Question

Approximately 7.3% of residents in the Charleston area use public transportation on a regular basis. If 29 residents are randomly selected, what is the probability that exactly one of them use public transportation on a regular basis.Round your answer to at least three decimals

Answer 1

Given:

probability of success (p) = 7.3% or 0.073 in decimal form

sample size = 29

Find: the probability of x = 1 (uses public transportation on a regular basis)

Solution:

Based on the given information, the probability of success is only 7.3%. From this, we can infer that the probability of failure would be 92.7% or 0.927 in decimal form.

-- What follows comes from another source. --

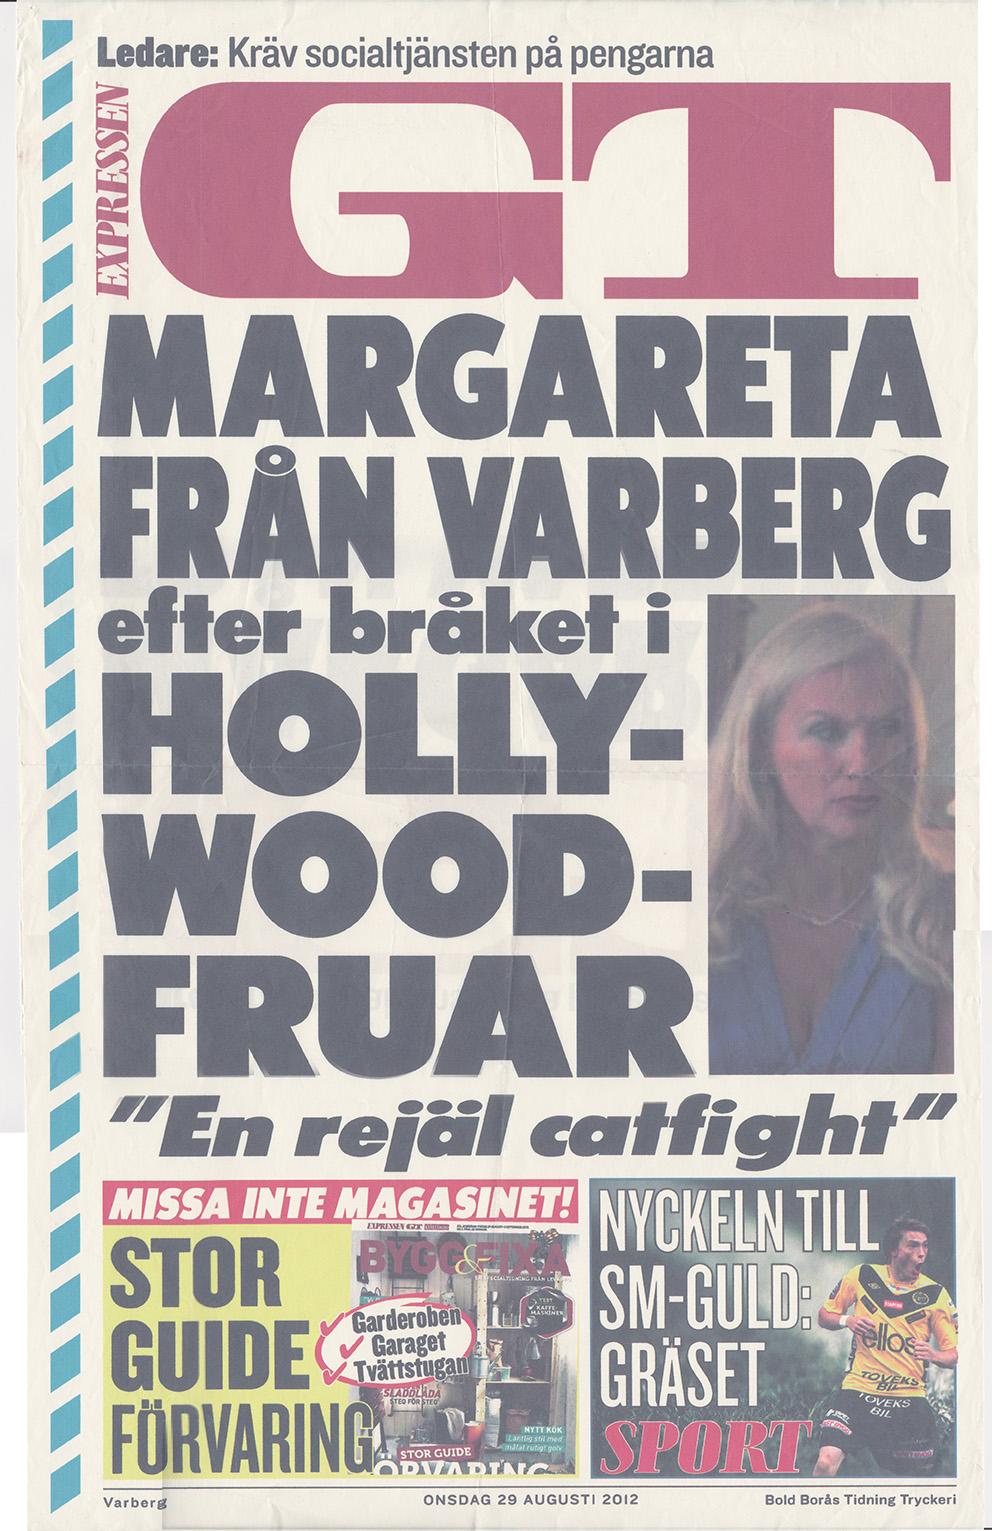 """120829-GT-Margareta_Svensson_Riggs-Margareta_från_Varberg_efter_bråket_i_Hollywoodfruar_""""En_rejäl_ca"""

`100\%-7.3\%=92.7\%=0.927`

Since there are only two possible outcomes here, uses public transportation (success) and not using public transportation (failure), we are dealing with binomial probability.

The formula for this is:

`P(x=1)=_nC_x* p^x* q^(n-x)`

where n = sample size, x = the number of success, p = success probability, and q = failure probability.

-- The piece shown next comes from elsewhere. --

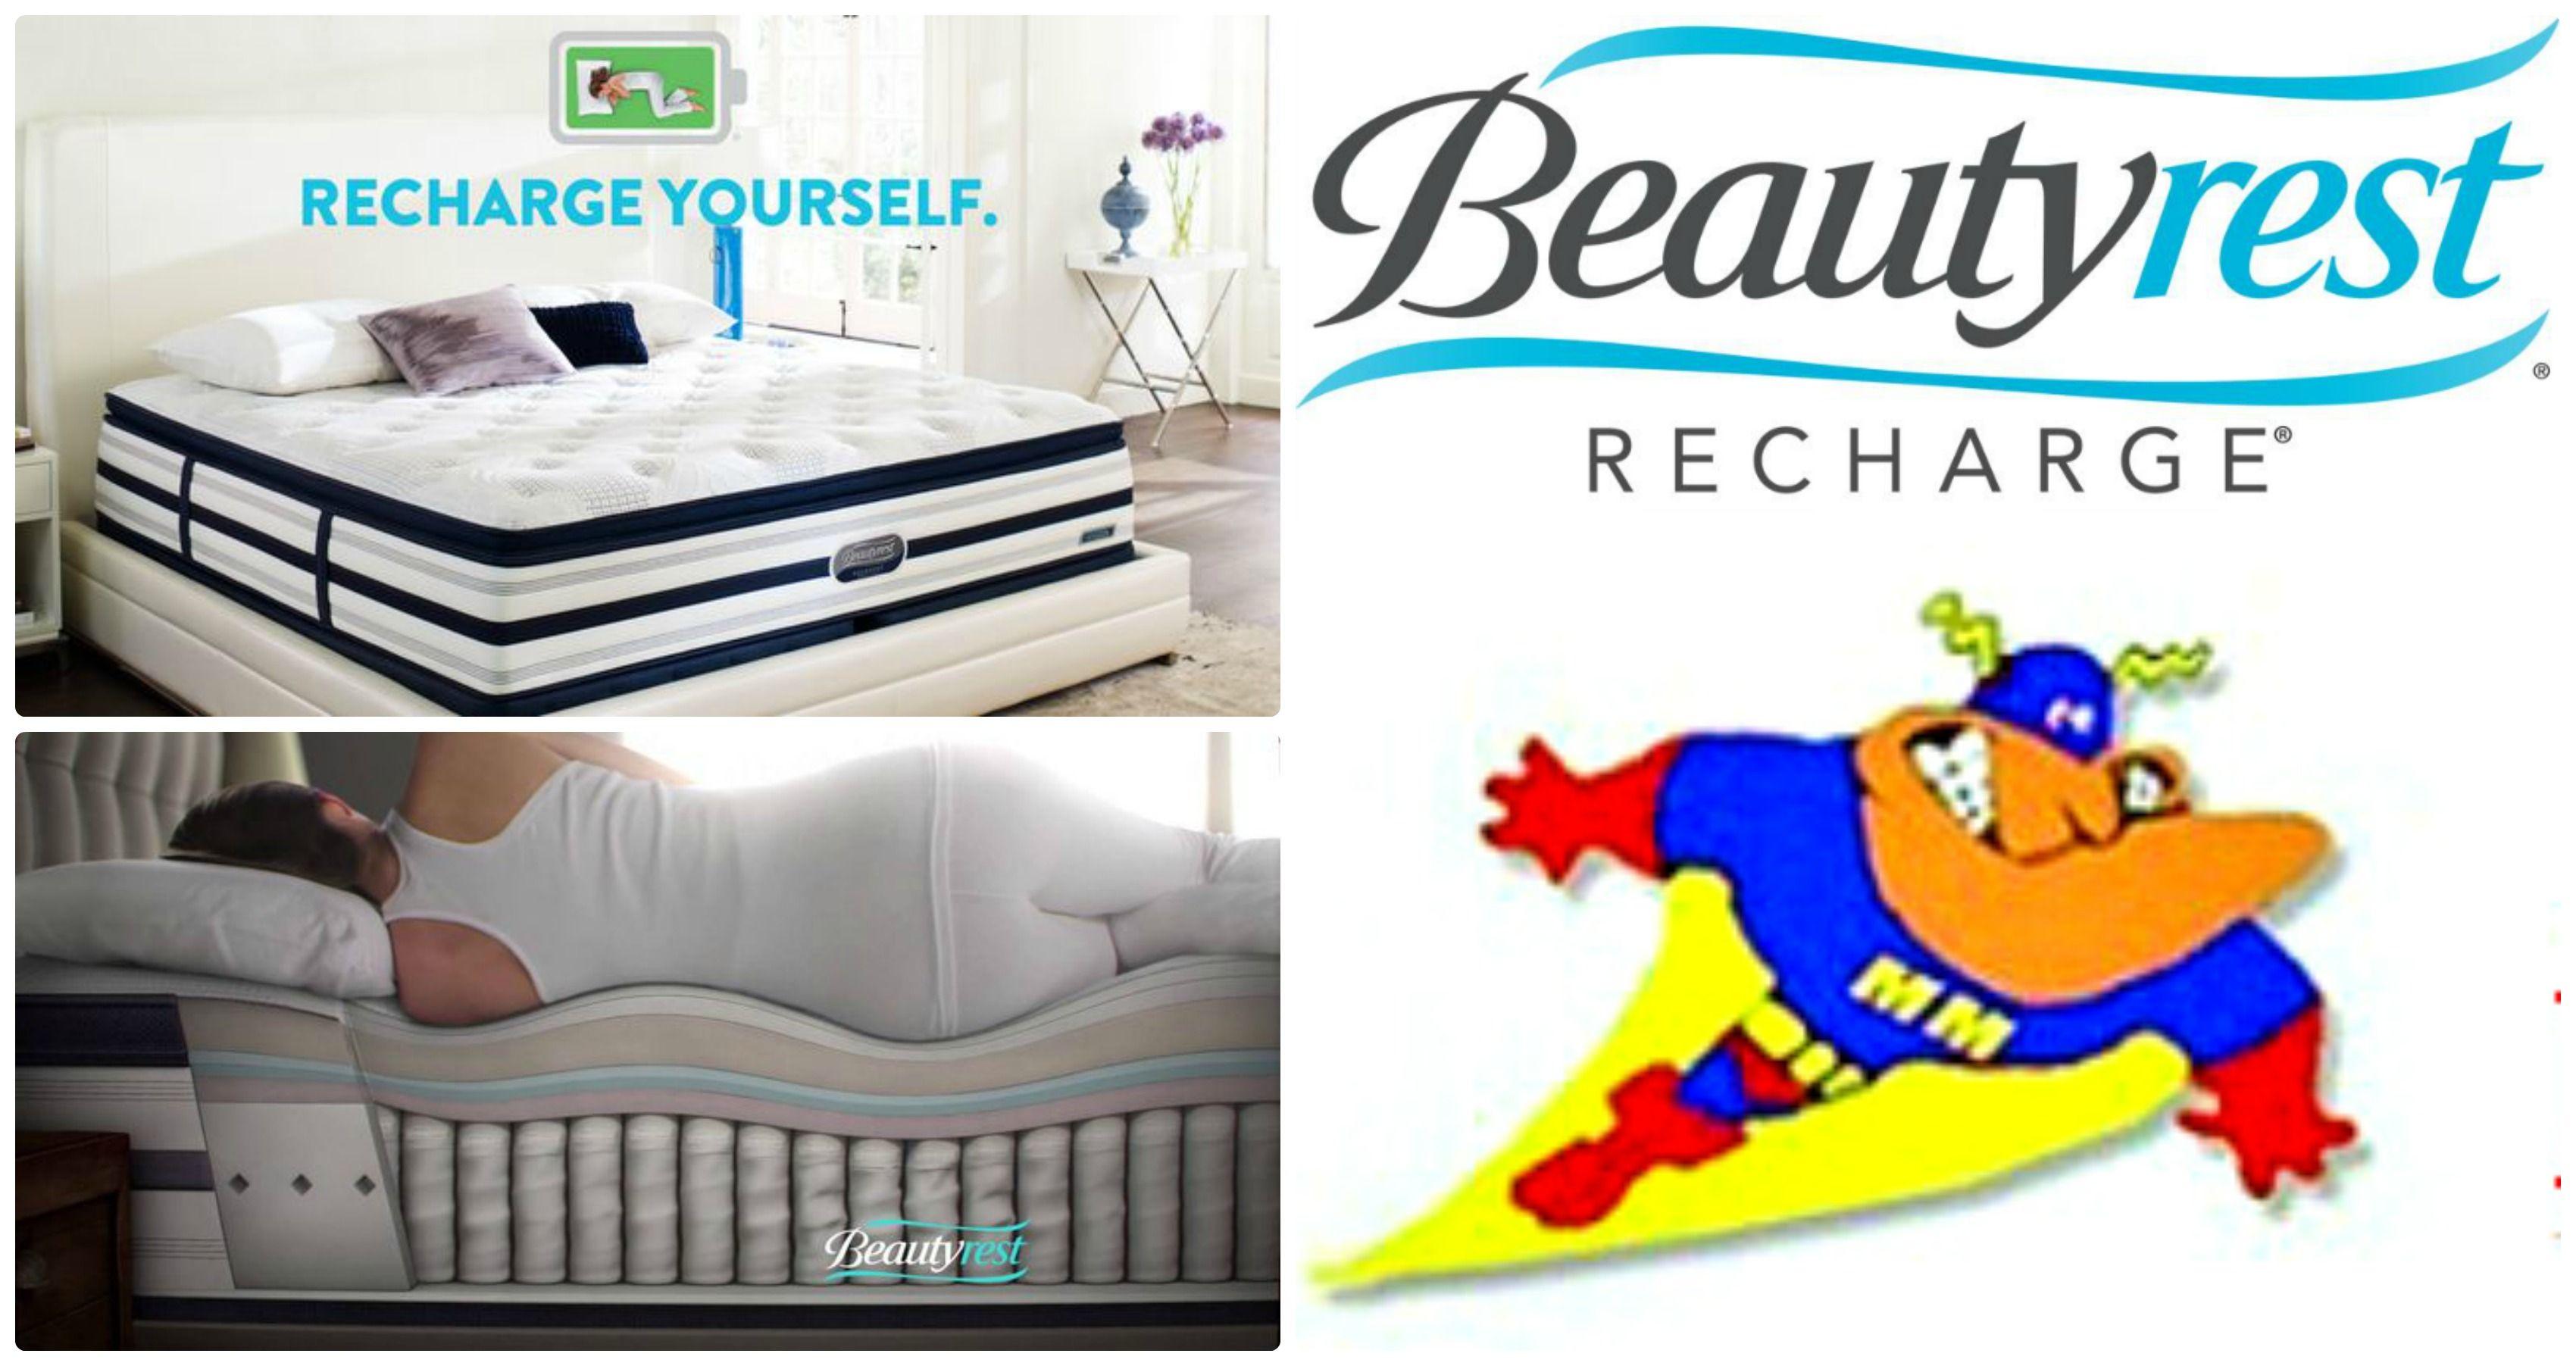 Simmons Bueatyrest Recharge Mattress Sandiegomattressman Com San Diego Mattress Delivery Mattress Delivery Affordable Mattress Toddler Bed

In the word problem, n = 29, x = 1, p = 0.073, and q = 0.927. Let's plug this into the formula above.

`P(x=1)=_(29)C_1*0.073^1*0.927^(28)`

Then, solve.

`\begin{gathered} P(x=1)=29*0.073*0.1197381534 \\ P(x=1)=0.2534857 \\ P(x=1)\approx0.253 \end{gathered}`

Answer:

The probability that exactly one of them uses public transportation on a regular basis is approximately 0.253.